The cummulative explained variance shows an initially steep then gradual curve and not the sharp elbow we were expecting. This could be a result of the genomes already having been chosen as the principle components of movies. However we can see that 80% of the variance in the movie dataset is explained by 131 components. We should use only these components for computatonal efficiency in a content based model

In [None]:
pca_75_df = pd.DataFrame(pca_75_df, index = pca_data_pivoted.index)
pca_75_df.head()

### Cluster Analysis

In [None]:
# Manually implement the WCSS
def within_cluster_variation(df, label_col='cluster_label'):
    """
    Manually implements the WCSS.
    """
    centroids = df.groupby(label_col).mean()
    out = 0
    for label, point in centroids.iterrows():
        df_features = df[df[label_col] == label].drop(label_col, axis=1)
        out += (df_features - point).pow(2).sum(axis=1).sum()
    return out

In [None]:
# let's try everything between 2 and 18 clusters where 18 is the number of genres
n_clusters = np.arange(2, 19)

# store errors for each value of k
errors = []

# for i between 2 and 19
for k in n_clusters:
    print(f'training model with {k} clusters')
    # perform k-means clustering
    km = KMeans(n_clusters=k, n_init=10, max_iter=300, random_state=42)
    km.fit(pca_75_df)
    
    # measure BCSS
    print(f'evaluating model with {k} clusters')
    y_preds = km.predict(pca_75_df)
    pca_75_df = pd.DataFrame(pca_75_df)
    pca_75_df['cluster_label'] = y_preds
    errors.append(within_cluster_variation(pca_75_df, 'cluster_label'))
    print(errors[-1])

In [None]:
plt.figure(figsize=(12,8))
plt.xlabel('Number of Clusters (k)')
plt.ylabel('Within-Cluster Sum of Squares (WCSS)')
plt.title('Elbow Method for Determining Optimal Value of k')
plt.scatter(n_clusters, errors, color="#4DA017")
plt.plot(n_clusters, errors)
plt.xticks(n_clusters)
plt.axvline(x=3, color='#4D17A0', lw=2)
plt.show()

In [None]:
K = 3
# Remember to set the random state for reproducibility
km = KMeans(n_clusters=K, verbose=0, random_state=42)
print("Clustering sparse data with %s" % km)
t0 = time()
km.fit(pca_75_df)
print("done in %0.3fs" % (time() - t0))

In [None]:
# Obtain cluster memberships for each item in the data
y_preds = km.predict(pca_75_df)
pca_75_df['cluster_label'] = y_preds
centers = km.cluster_centers_

In [None]:
plt.figure(dpi=120)
for k in range(K):
    x1 = pca_75_df[pca_75_df['cluster_label'] == k][0]
    x2 = pca_75_df[pca_75_df['cluster_label'] == k][1]
    plt.scatter(x1, x2, label="k = "+str(k+1),alpha=0.75)
# Show cluster centroid locations    
plt.scatter(centers[:,0],centers[:,1],label="centroid")
plt.legend()
plt.title(f"K = {K}")
plt.xlabel('Feature 1')
plt.ylabel('Feature 2')
plt.show()

<a id="modelling"></a>
## 5. Modelling

To reduce computation time, we train and evaluate the following models on a 100k subset of the data.
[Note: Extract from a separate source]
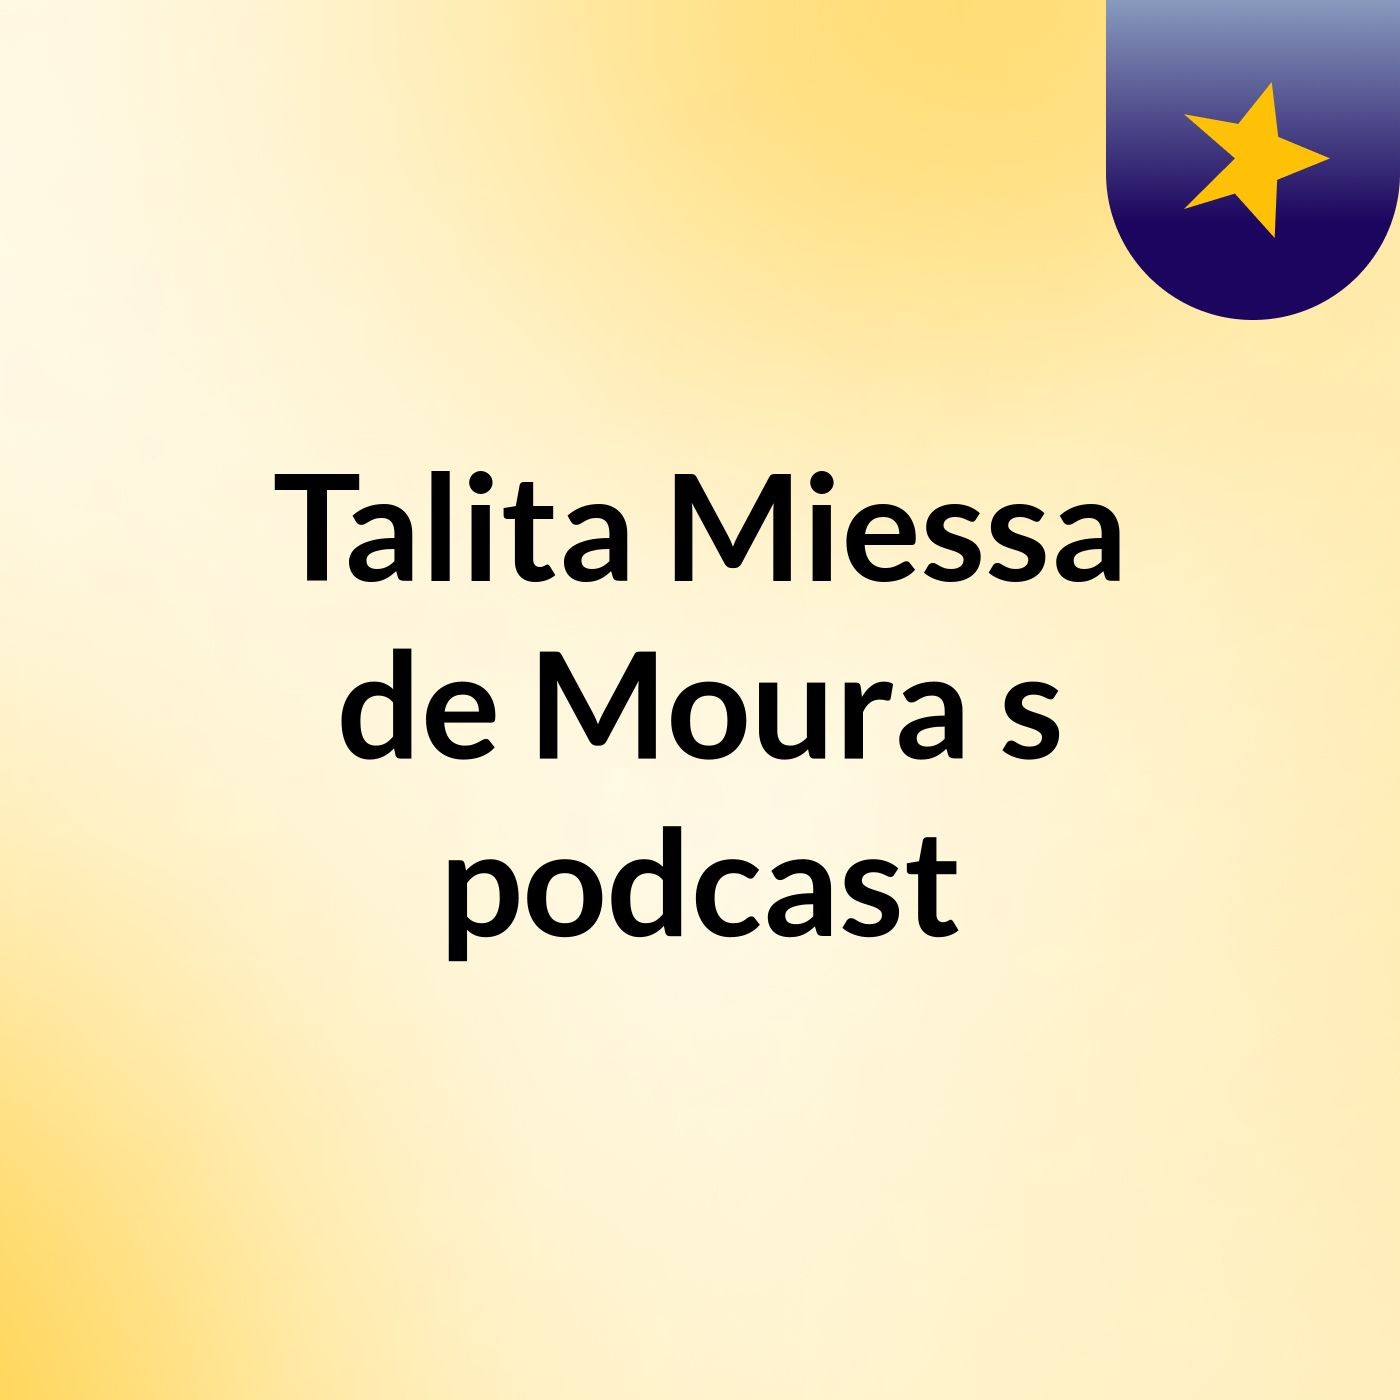 Talita Miessa de Moura's podcast

The best performing model will be trained on the whole dataset to predict the ratings for the final submission file.

In [None]:
# Load the 100k dataset
train_df.drop('timestamp', axis=1, inplace=True)
train_subset = train_df[:100000]
reader = Reader(rating_scale=(train_subset['rating'].min(), train_subset['rating'].max()))
data = Dataset.load_from_df(train_subset[['userId', 'movieId', 'rating']], reader)
trainset, testset = train_test_split(data, test_size=.25, random_state=42)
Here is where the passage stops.